Wilcox G, Boulter J, Lee N
Proc Natl Acad Sci U S A. 1974 Sep;71(9):3635-9. doi: 10.1073/pnas.71.9.3635.
The protein product of the regulatory gene araC can be synthesized in a cell-free, protein-synthesizing system programmed with a lambdaparaC(+)B DNA template. Hybrid, renatured phage DNA molecules prepared with DNA from phages lambdaparaC(+)B and lambdaparaC3B (araC3 is a nonsense mutation) were used to program the cell-free synthesis of the araC protein. The findings observed lead to the conclusion that the codogenic strand of the araC gene is on the light strand of the phage DNA. The araB gene is on the heavy strand, as determined by DNA.RNA hybridization. Thus, with regard to the standard E. coli map, araC is transcribed in a clockwise direction, whereas transcription of the araBAD operon has a counterclockwise orientation. The technique described should allow one to determine the direction of transcription of any gene that can be incorporated into the genome of a specialized transducing phage.
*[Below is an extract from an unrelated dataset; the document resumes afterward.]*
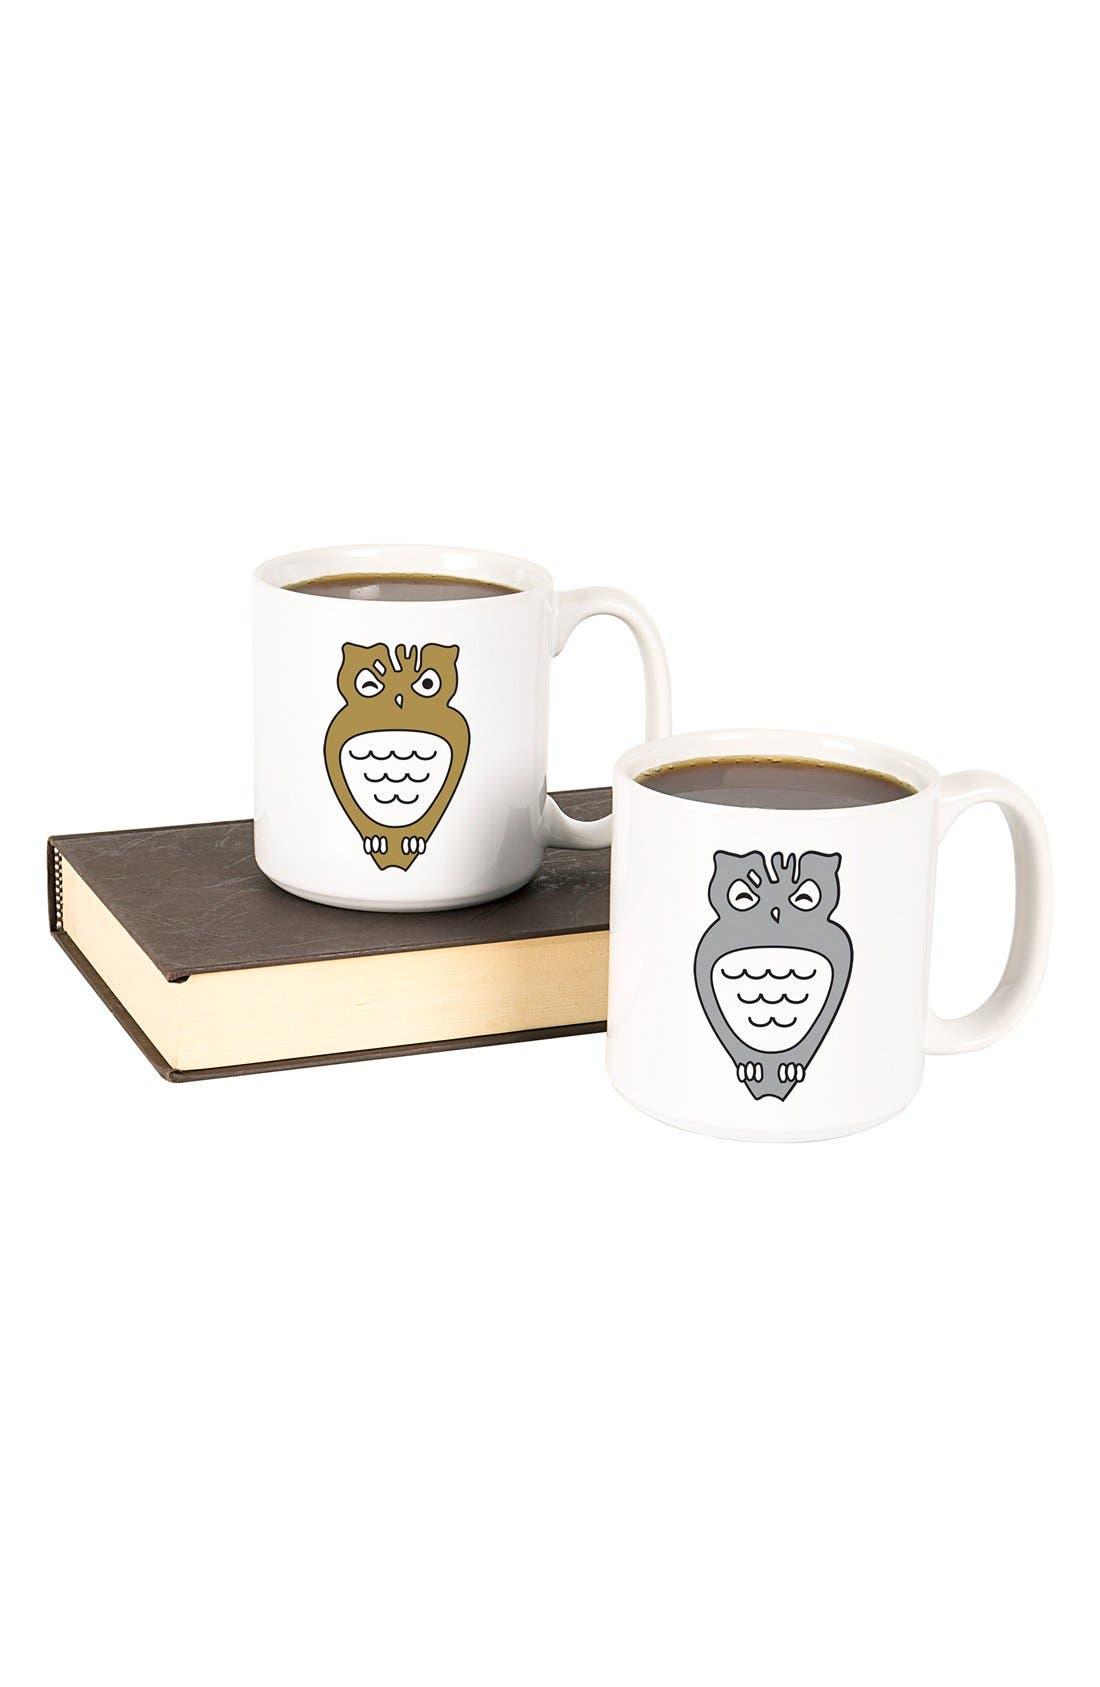 Main Image - Cathy's Concepts 'Owl' Ceramic Coffee Mugs (Set of 2)
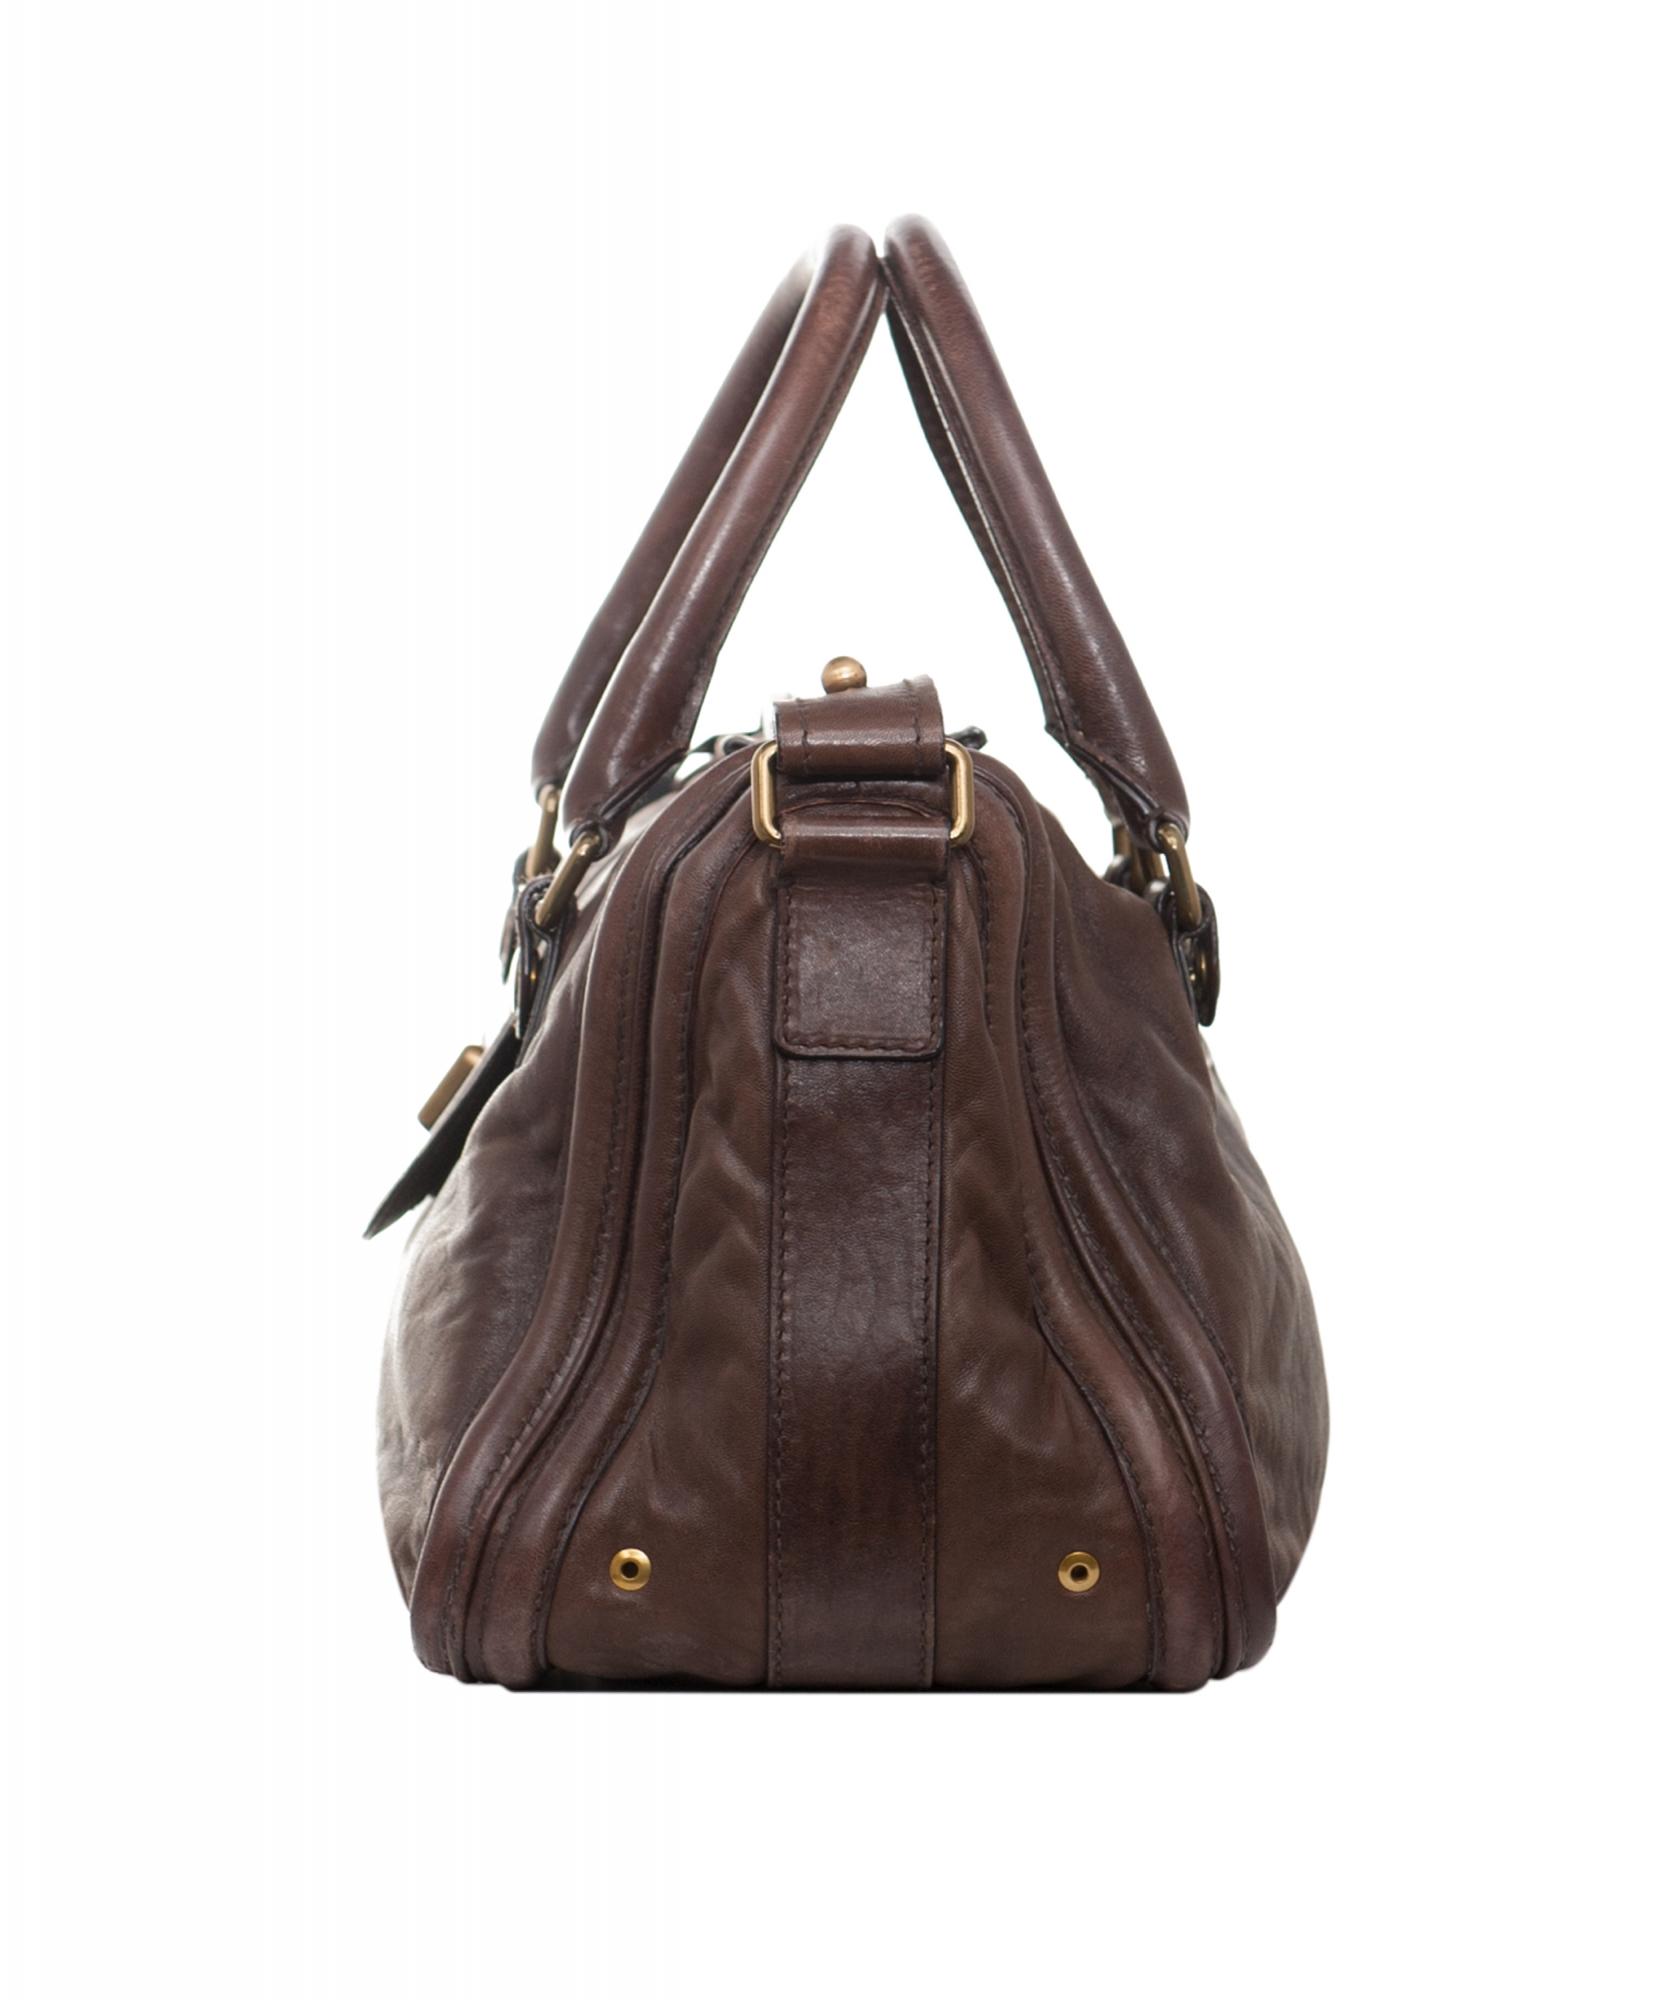 9a3d81807c4ea1 Chloé Brown Leather Ava Tote Bag | ArtListings

调节基因araC的蛋白质产物可以在以λaraC(+)B DNA模板编程的无细胞蛋白质合成系统中合成。用来自噬菌体λaraC(+)B和λaraC3B(araC3是一个无义突变)的DNA制备的杂交、复性噬菌体DNA分子被用于编程无细胞合成araC蛋白。观察到的结果得出结论:araC基因的编码链位于噬菌体DNA的轻链上。如通过DNA-RNA杂交所确定的,araB基因位于重链上。因此,就标准大肠杆菌图谱而言,araC是按顺时针方向转录的,而araBAD操纵子的转录具有逆时针方向。所描述的技术应该能使人们确定任何可以整合到特异性转导噬菌体基因组中的基因的转录方向。